Le second ou le troisième jour de mon séjour à Moscou, comme je me trouvais dans un magasin, je me sentis soudainement poussée par une force intérieure à appeler au téléphone mon amie, la dame d'honneur de Leurs Majestés. Sur-le-champ, je déposai l'objet que je tenais à la main et je pris l'appareil pour téléphoner au palais du gouverneur de Moscou. Ce fut mon amie elle-même qui répondit ; lorsque je me nommai, elle s'écria : « Comment est-ce possible, vous à Moscou ? Je viens de vous télégraphier hier seulement à l'autre bout du Turkestan pour vous dire que vous étiez admise par la Flotte volontaire comme soeur et assistante du médecin sur le bateau des pèlerins Jérusalem. Je savais qu'il vous serait impossible d'arriver à Odessa en ces quelques jours, avant le départ du bateau pour l'Orient. Comment se fait-il que vous soyez ici ? »

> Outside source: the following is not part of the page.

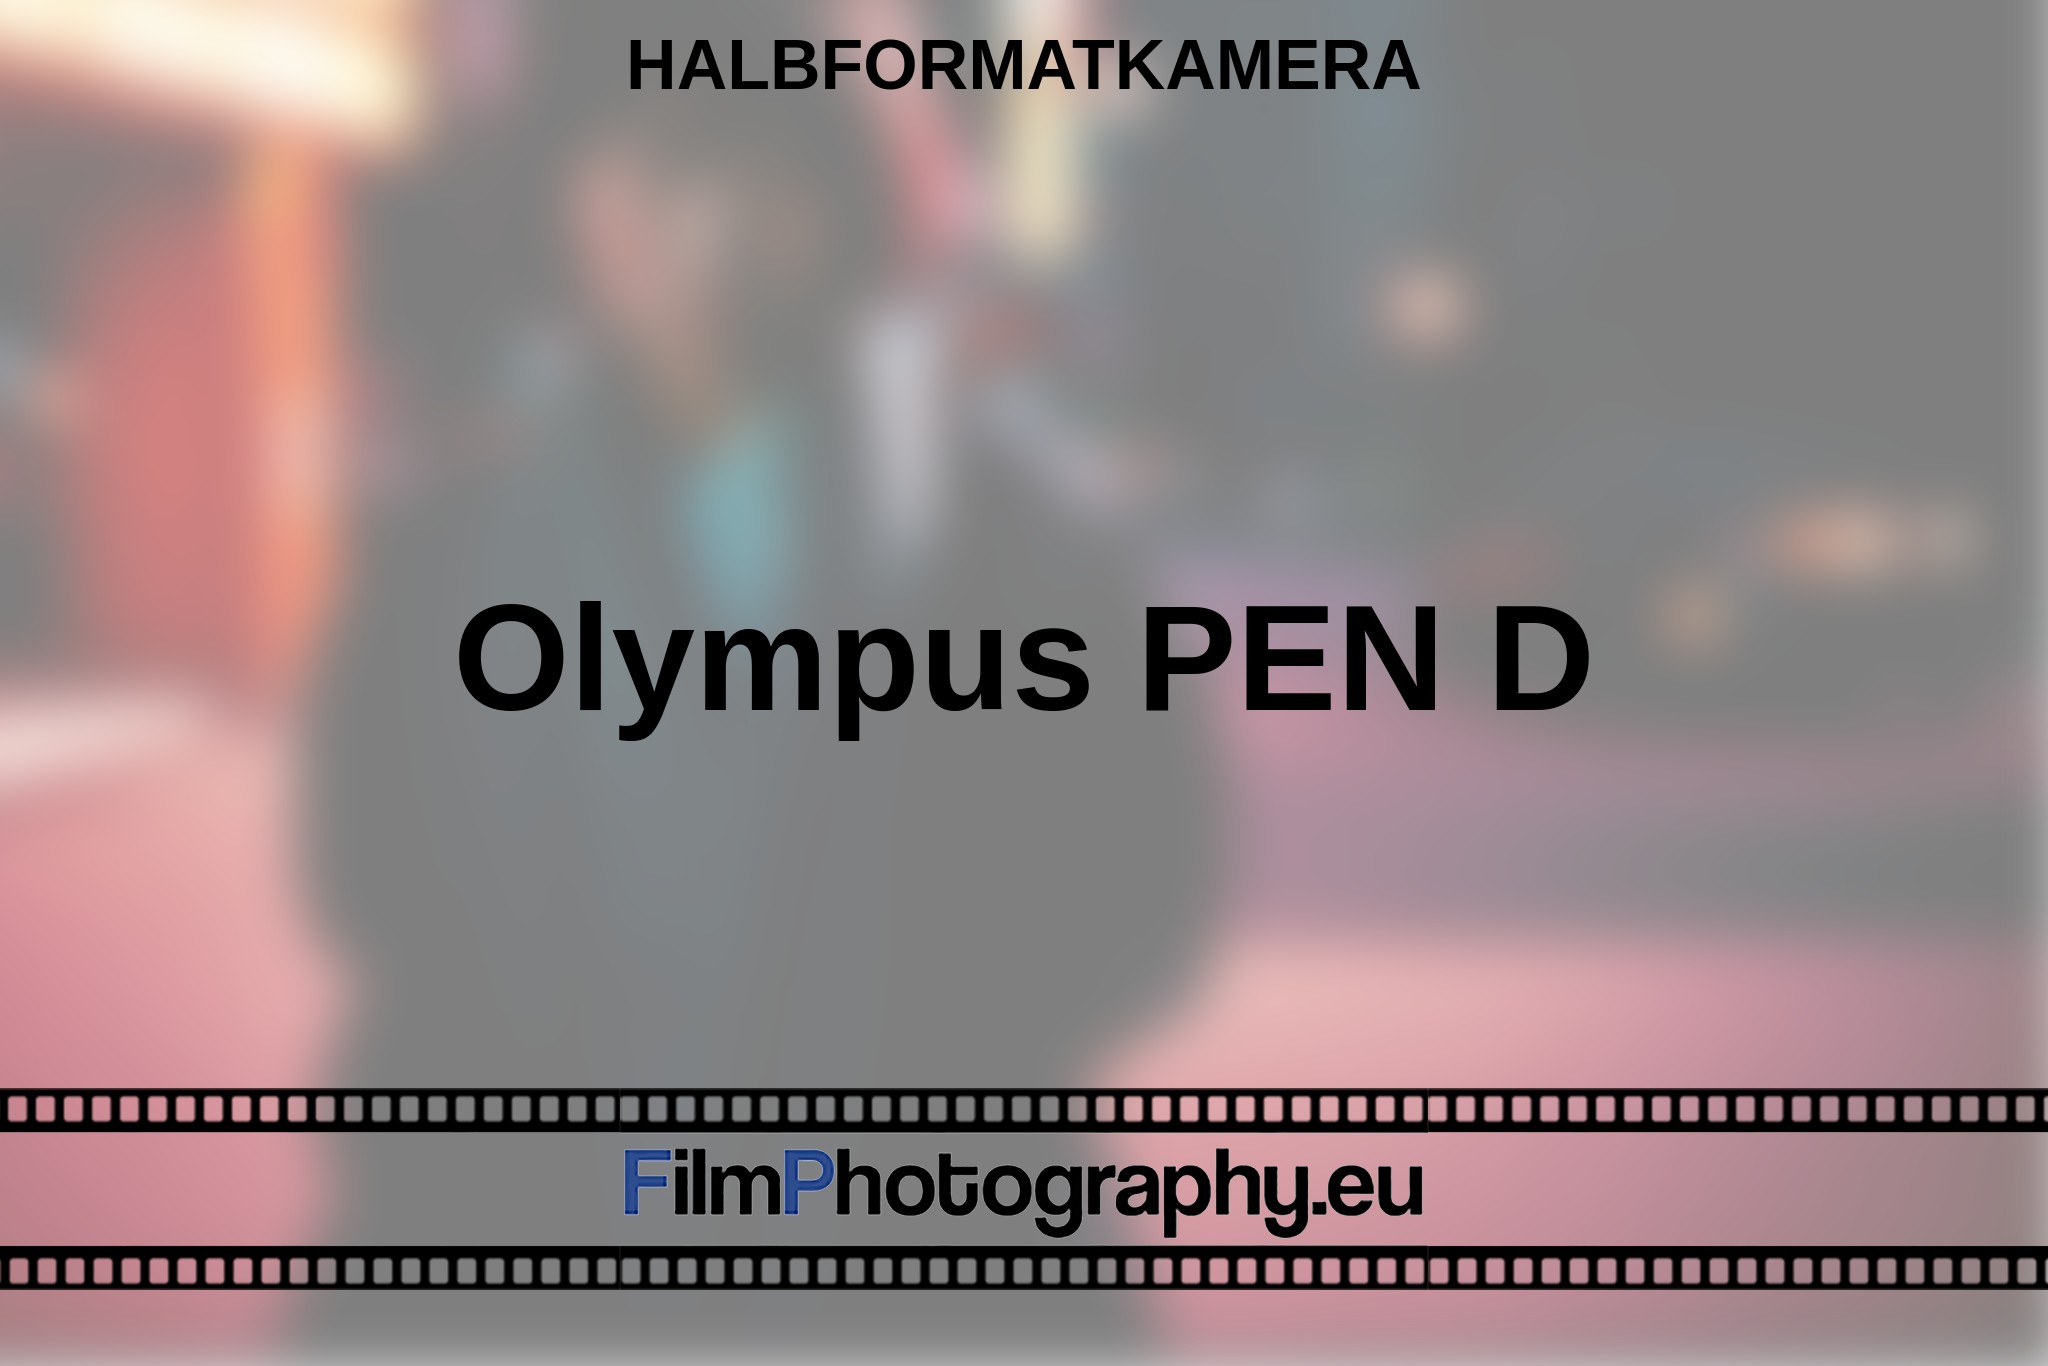 olympus-pen-d-halbformatkamera-bnv.jpg

Je compris aussitôt ce que signifiait cette étrange coïncidence. Le Seigneur avait besoin de moi à Odessa pour accompagner les pèlerins en Arabie ; il s'était alors servi des circonstances qui faisaient désirer ma présence auprès de mon neveu pour me faire venir à Moscou à temps pour prendre le bateau. Je m'adaptai immédiatement à son plan. Rien n'est trop merveilleux pour lui. Il était 15 heures, et le seul train qui me donnait la possibilité d'atteindre le bateau à Odessa, partait à 18 heures. Je dis à mon amie que je m'arrangerais à partir à 18 heures et la priai, en sa qualité de présidente de ma communauté, de préparer les papiers officiels nécessaires ; quelques minutes plus tard, je me rendis en voiture au palais pour aller la trouver.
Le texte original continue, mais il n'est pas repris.